▶ [Data extract]:
▽

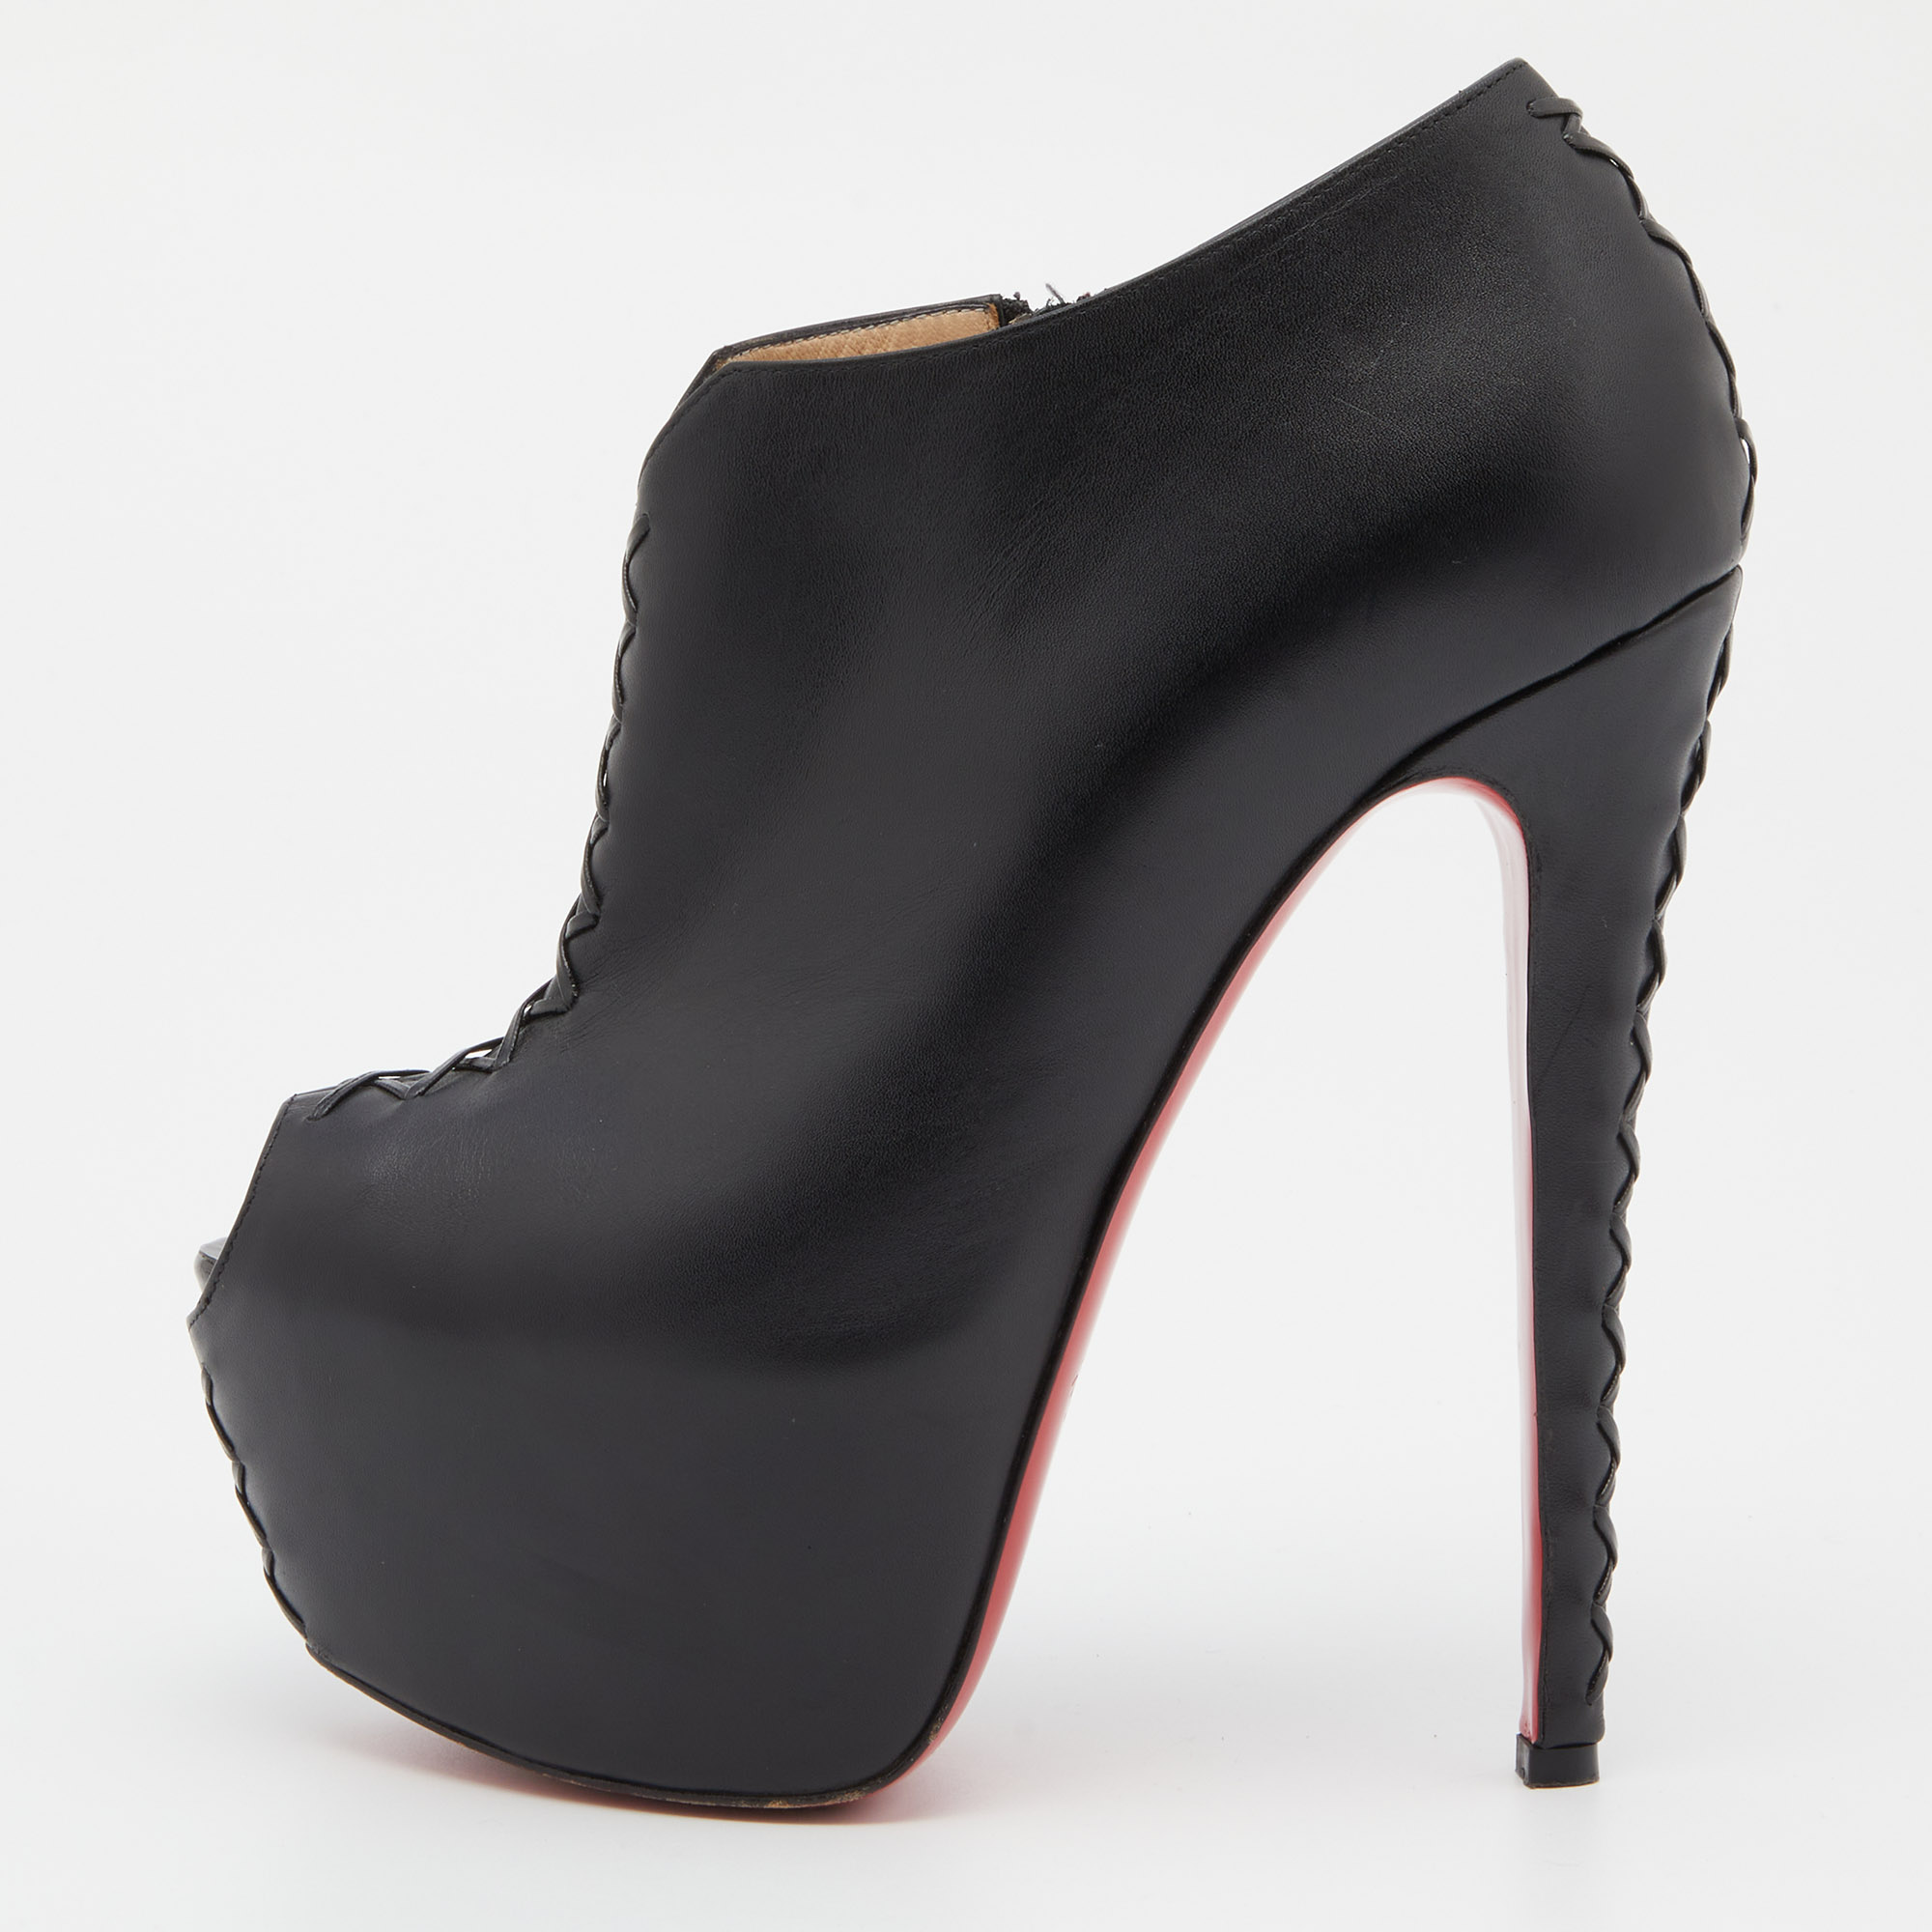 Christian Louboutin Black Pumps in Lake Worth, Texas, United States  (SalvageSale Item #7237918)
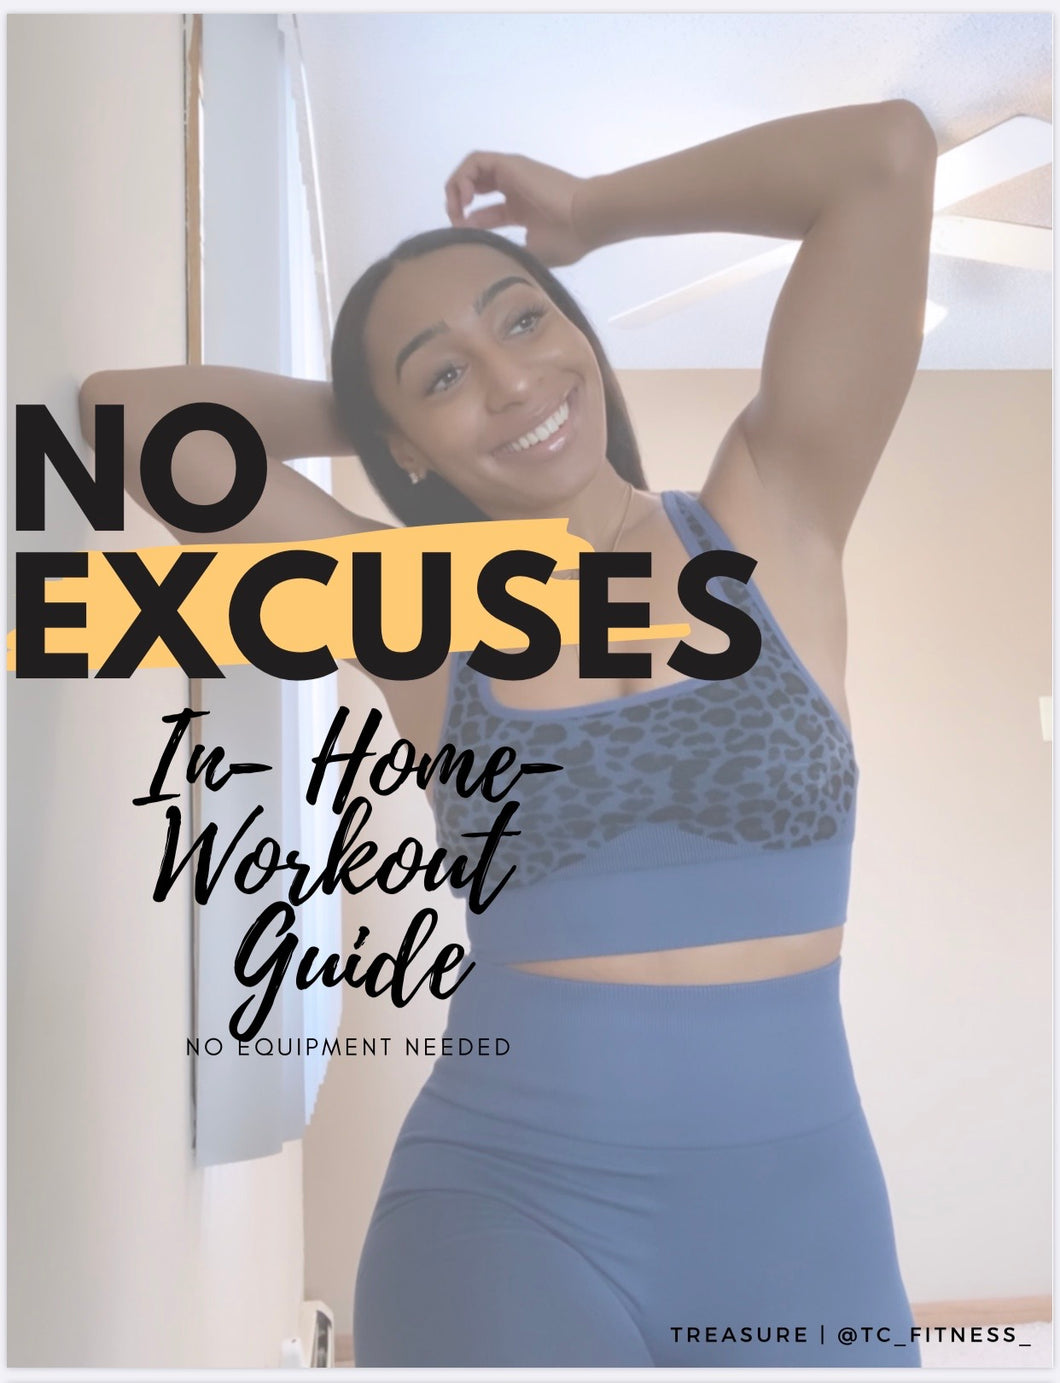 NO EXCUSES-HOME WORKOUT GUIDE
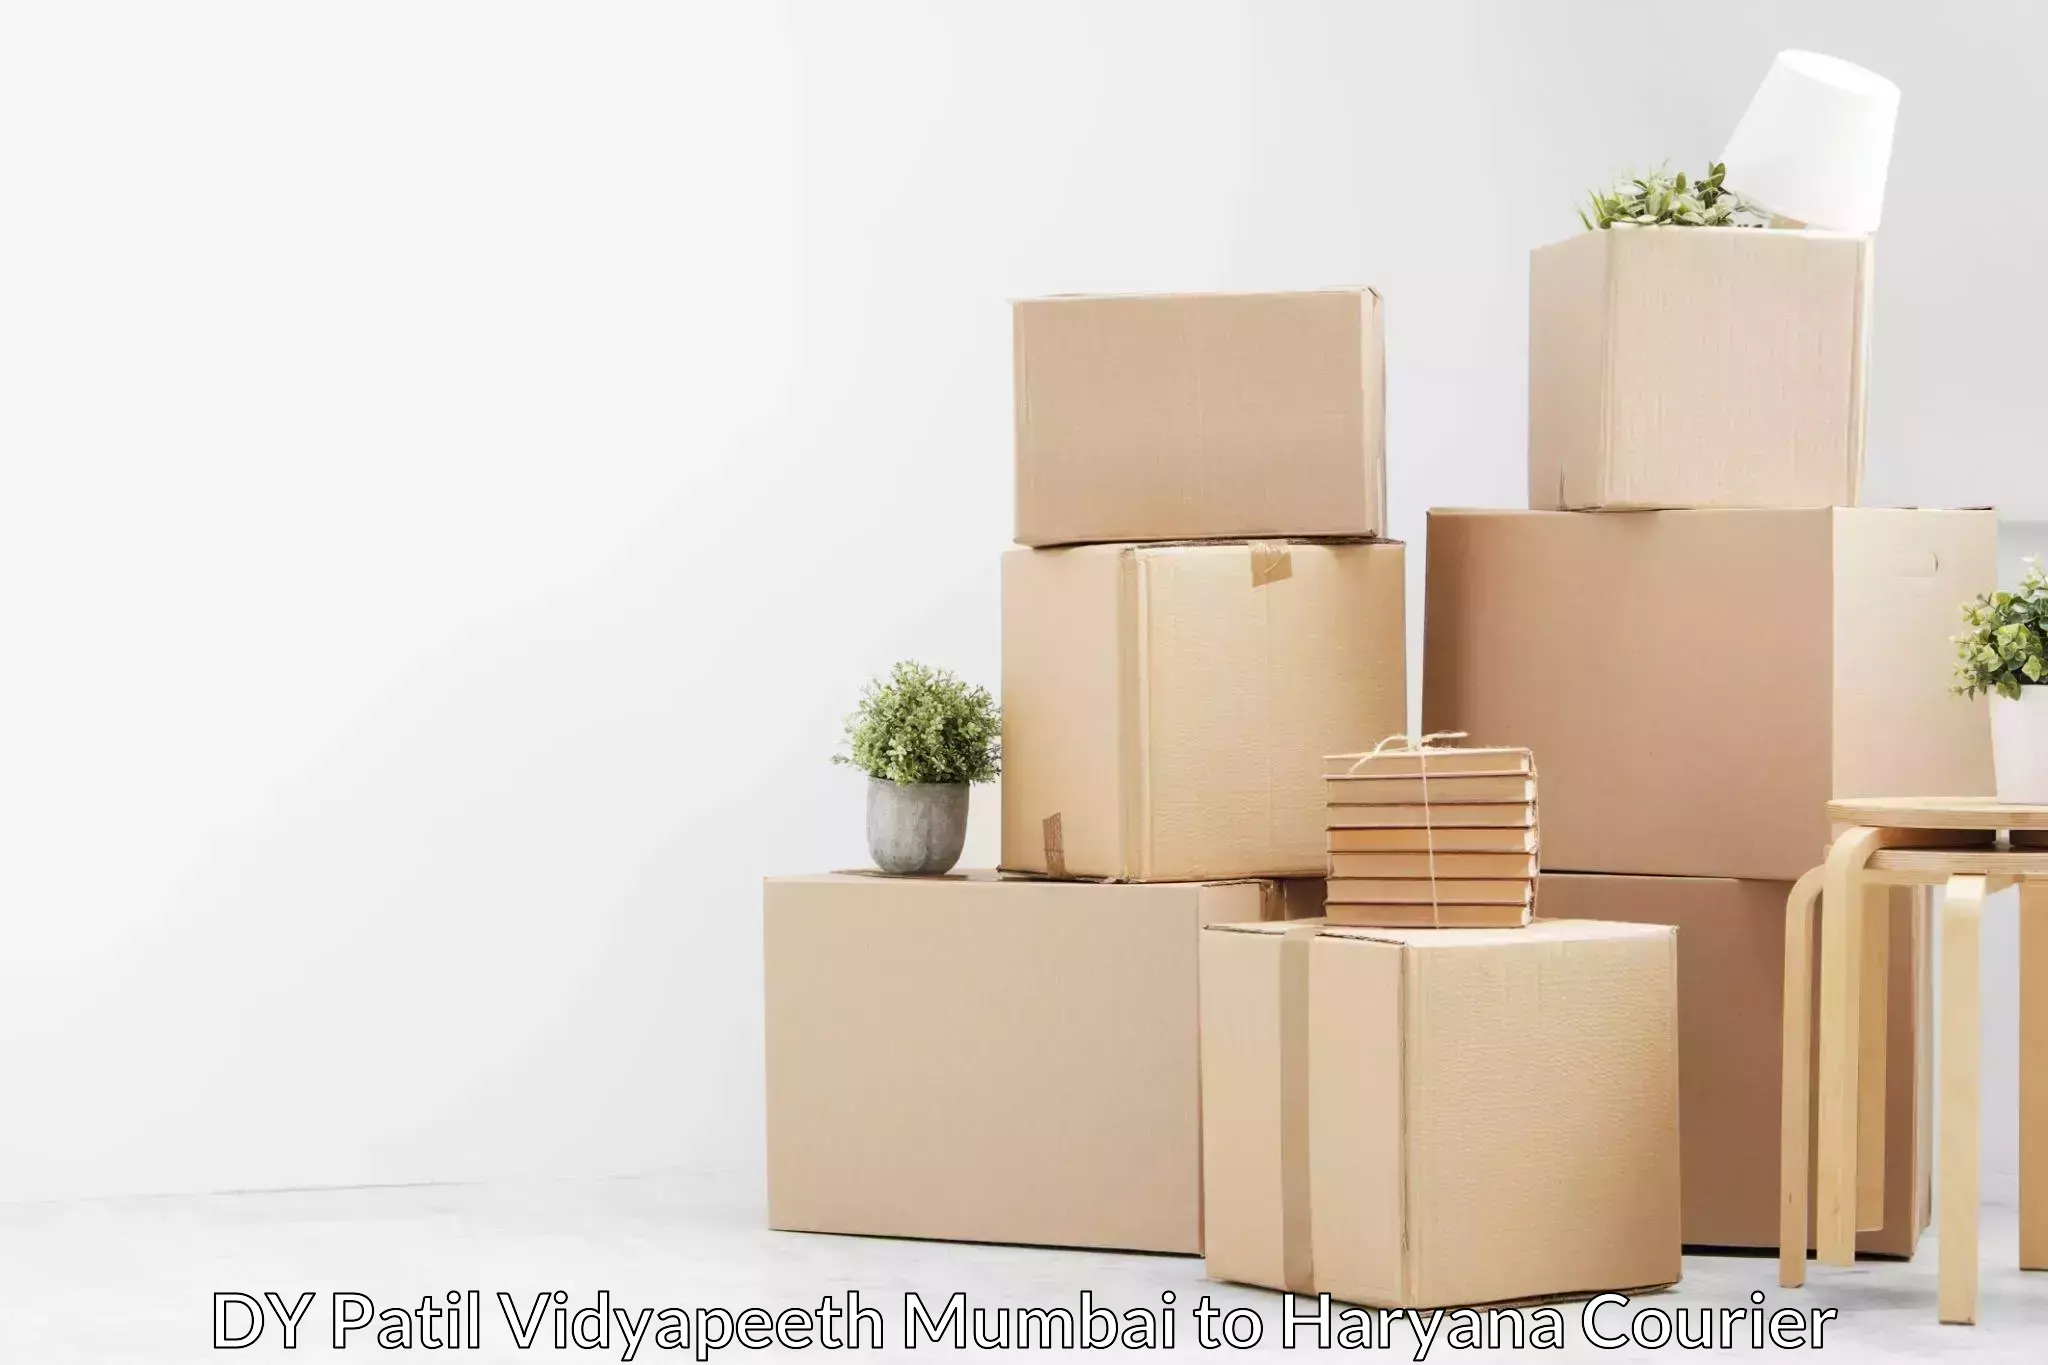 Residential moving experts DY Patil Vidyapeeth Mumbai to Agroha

△

▶ [Problem to work on]: All of the material must be given again exactly, though no picture may appear in the copy.

▶ [Answer space]:
 Christian Louboutin Black Pumps in Lake Worth, Texas, United States  (SalvageSale Item #7237918)
 NO EXCUSES-HOME WORKOUT GUIDE
 Residential moving experts DY Patil Vidyapeeth Mumbai to Agroha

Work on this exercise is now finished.